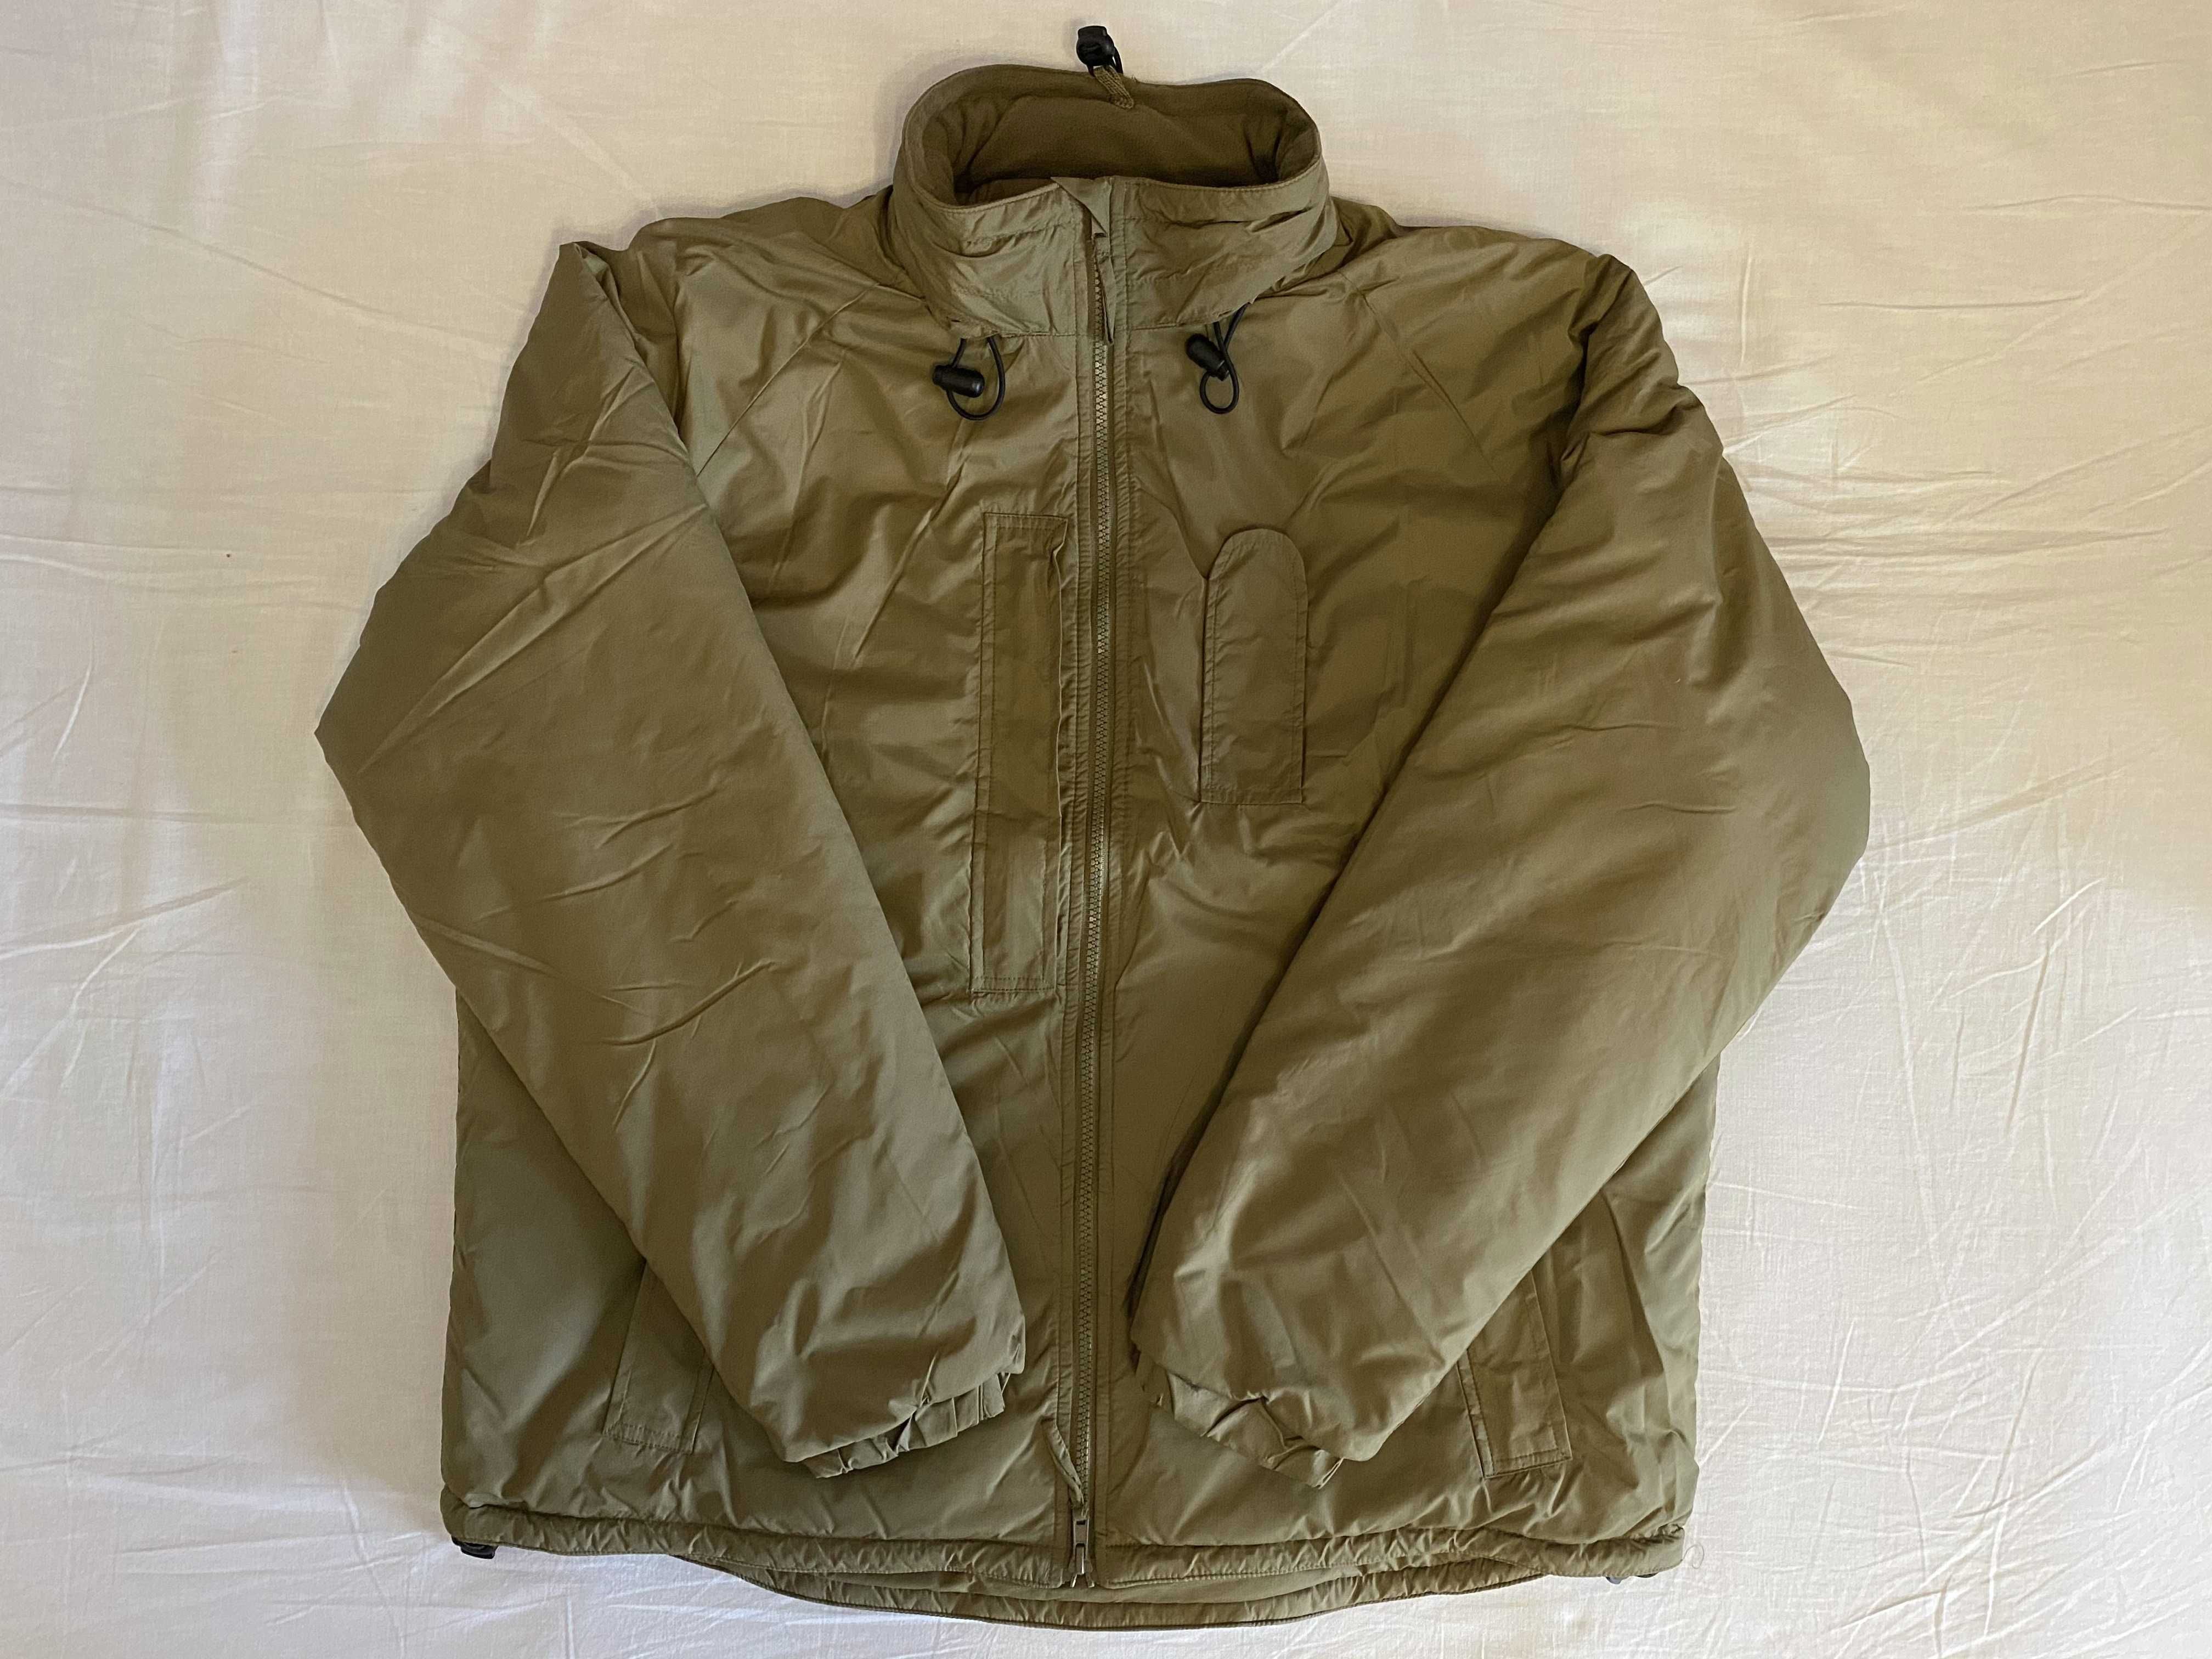 Качество выше цены! Военная куртка мужская зимняя PCS Thermal Jacket
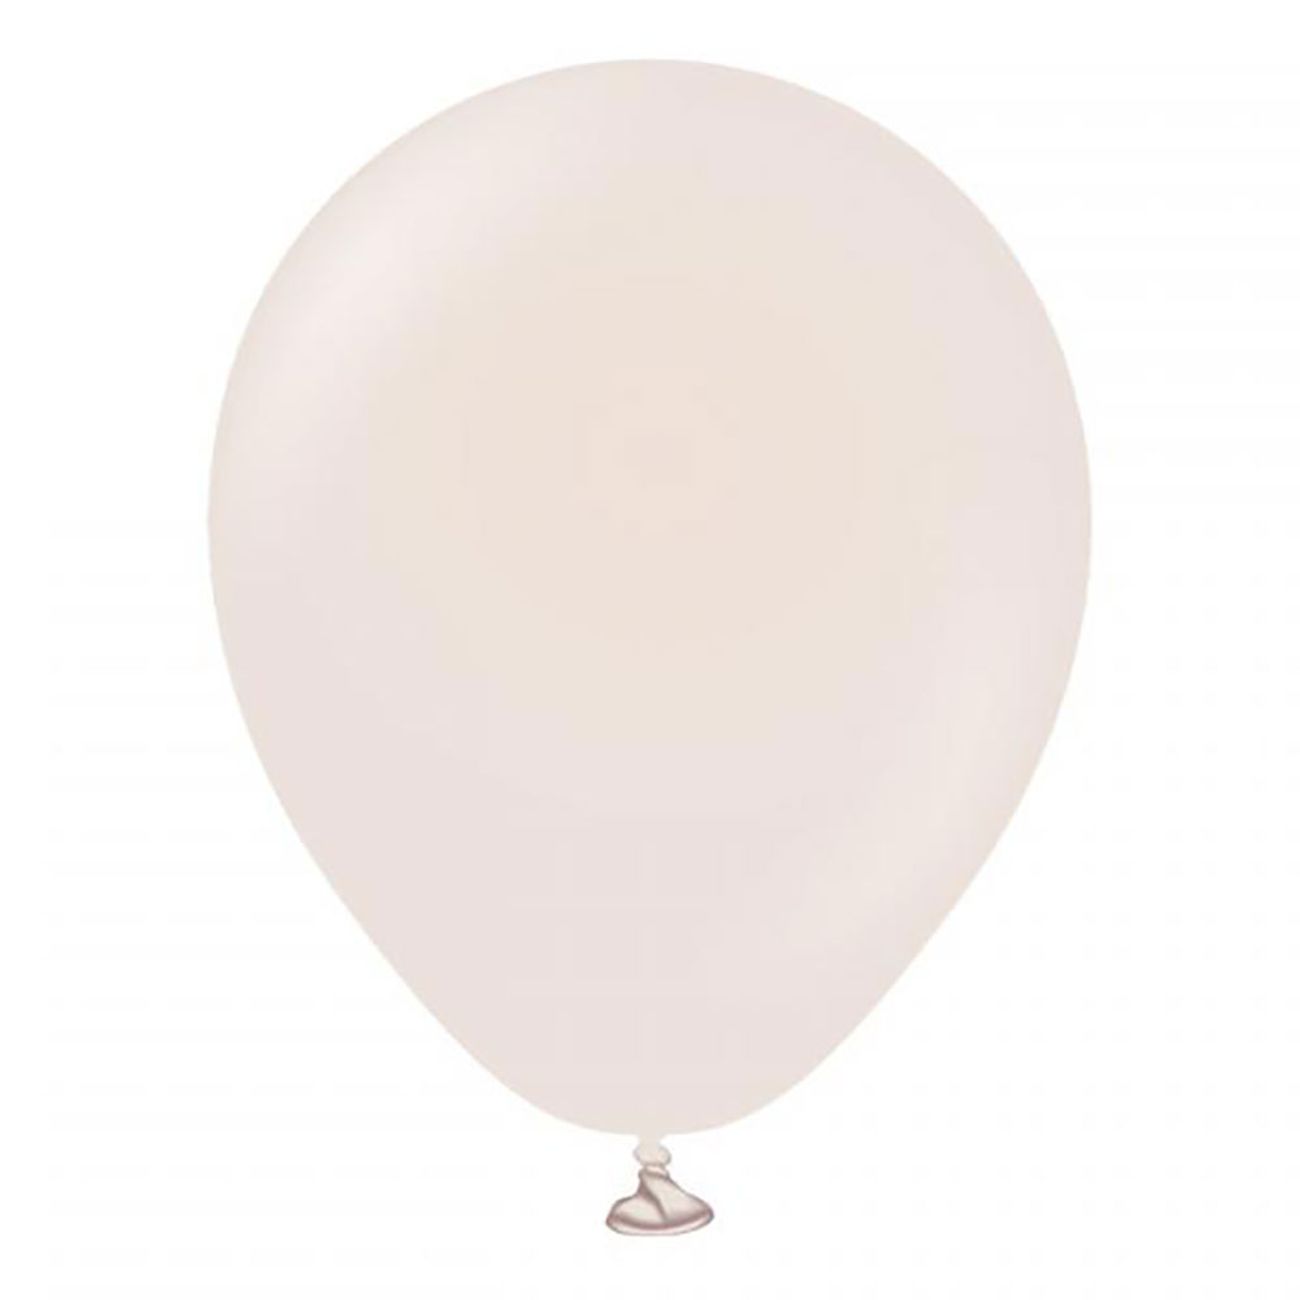 latexballonger-white-sand-13-cm-100-pack-82361-1
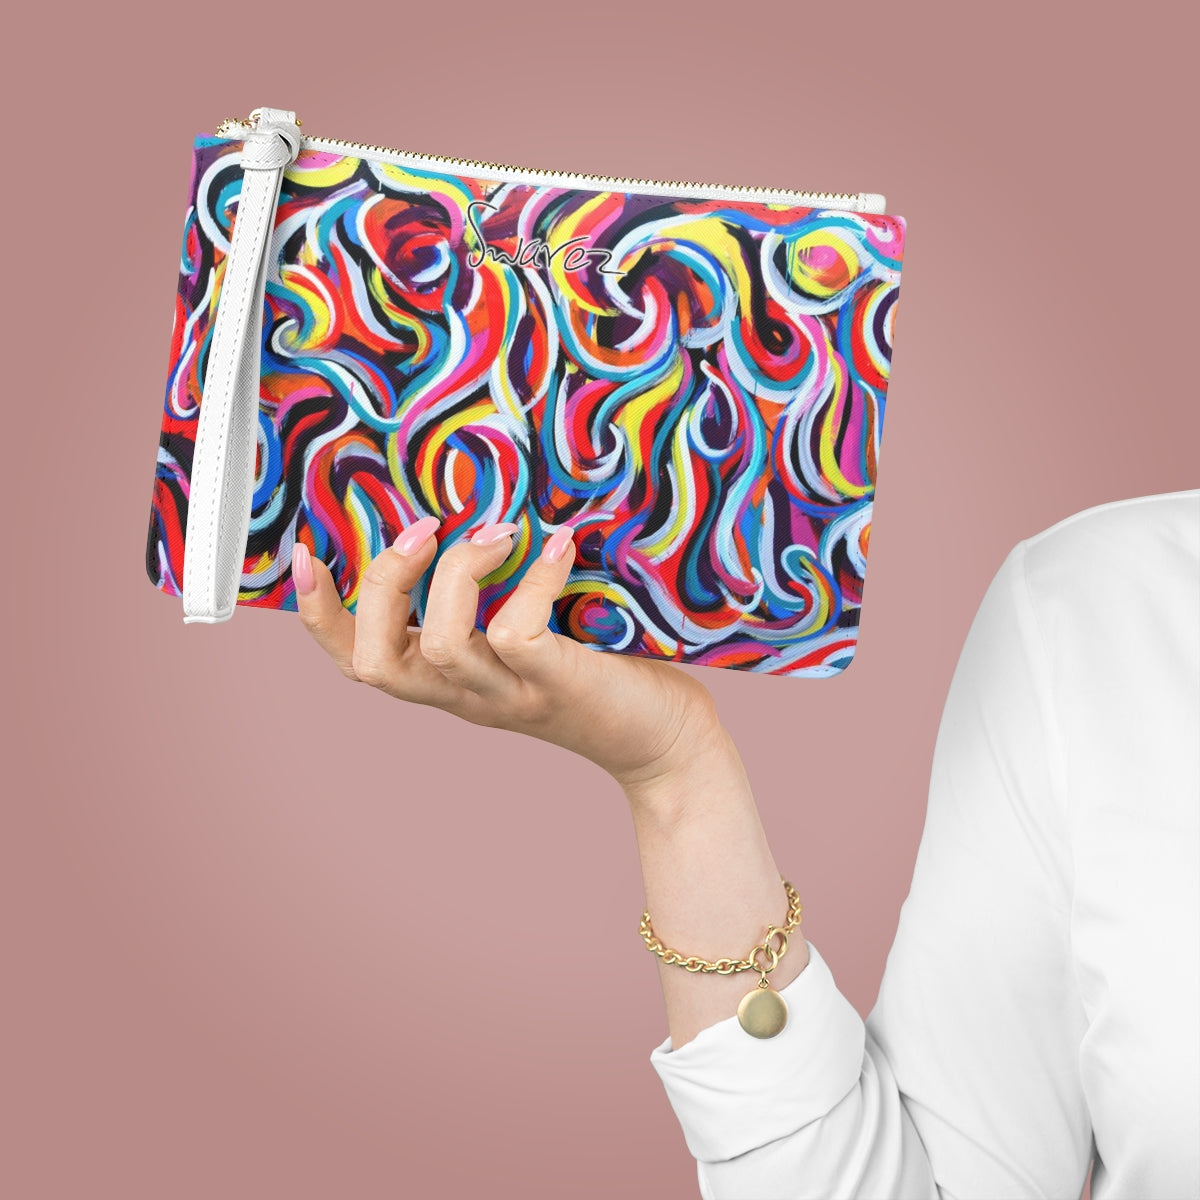 Clutch-Tasche – mehrfarbiges Wirbeldesign 
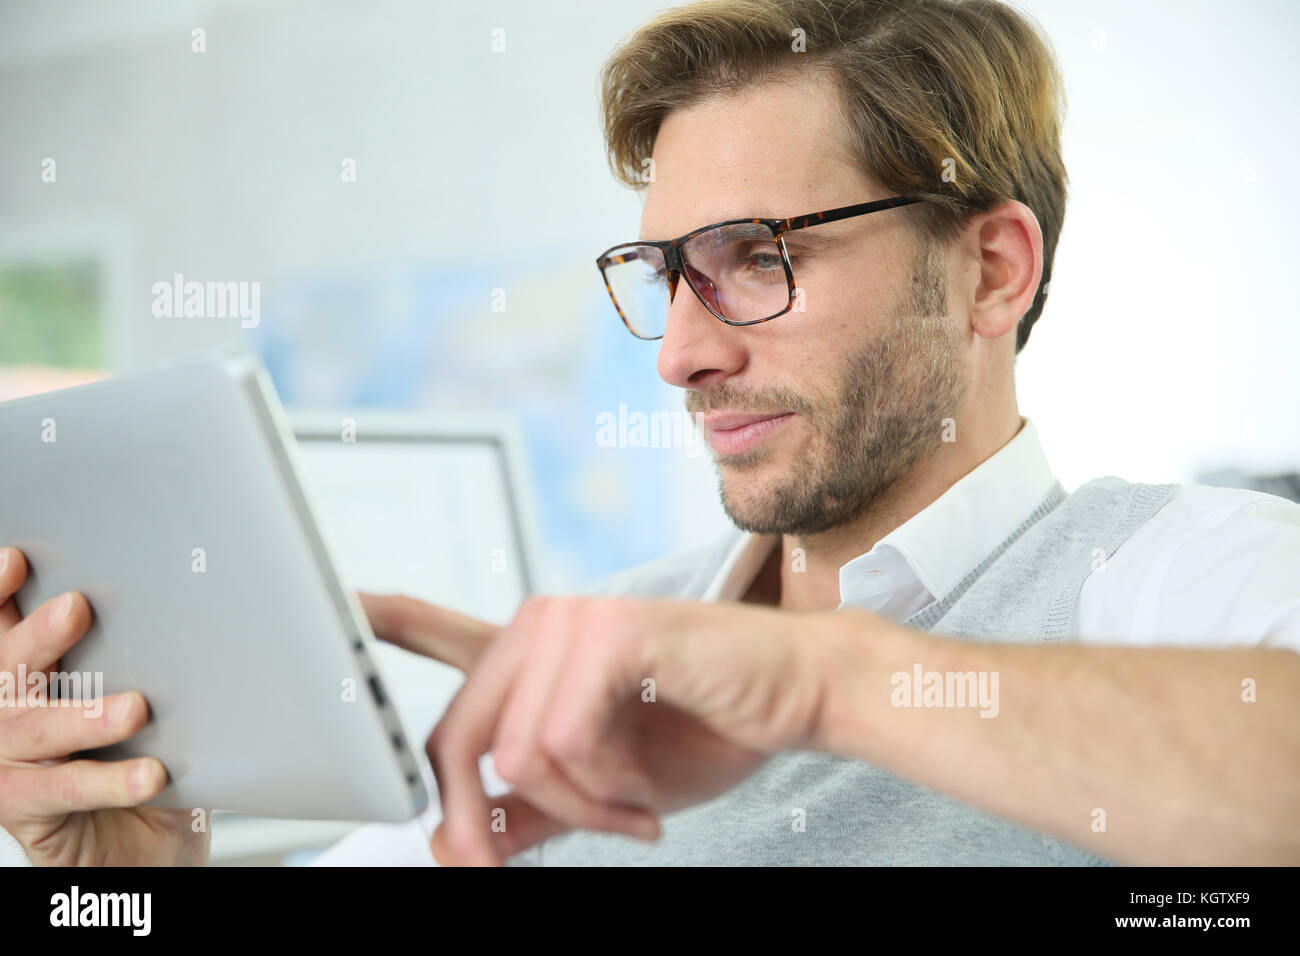 Man in office working on digital tablet, wearing eyeglasses Stock Photo

● **Exercise requirements**: Repeat the data exactly, excluding the pictures.

● **Your response**:
 Качество выше цены! Военная куртка мужская зимняя PCS Thermal Jacket
 latexballonger-white-sand-13-cm-100-pack-82361-1
 Clutch-Tasche – mehrfarbiges Wirbeldesign 
 Man in office working on digital tablet, wearing eyeglasses Stock Photo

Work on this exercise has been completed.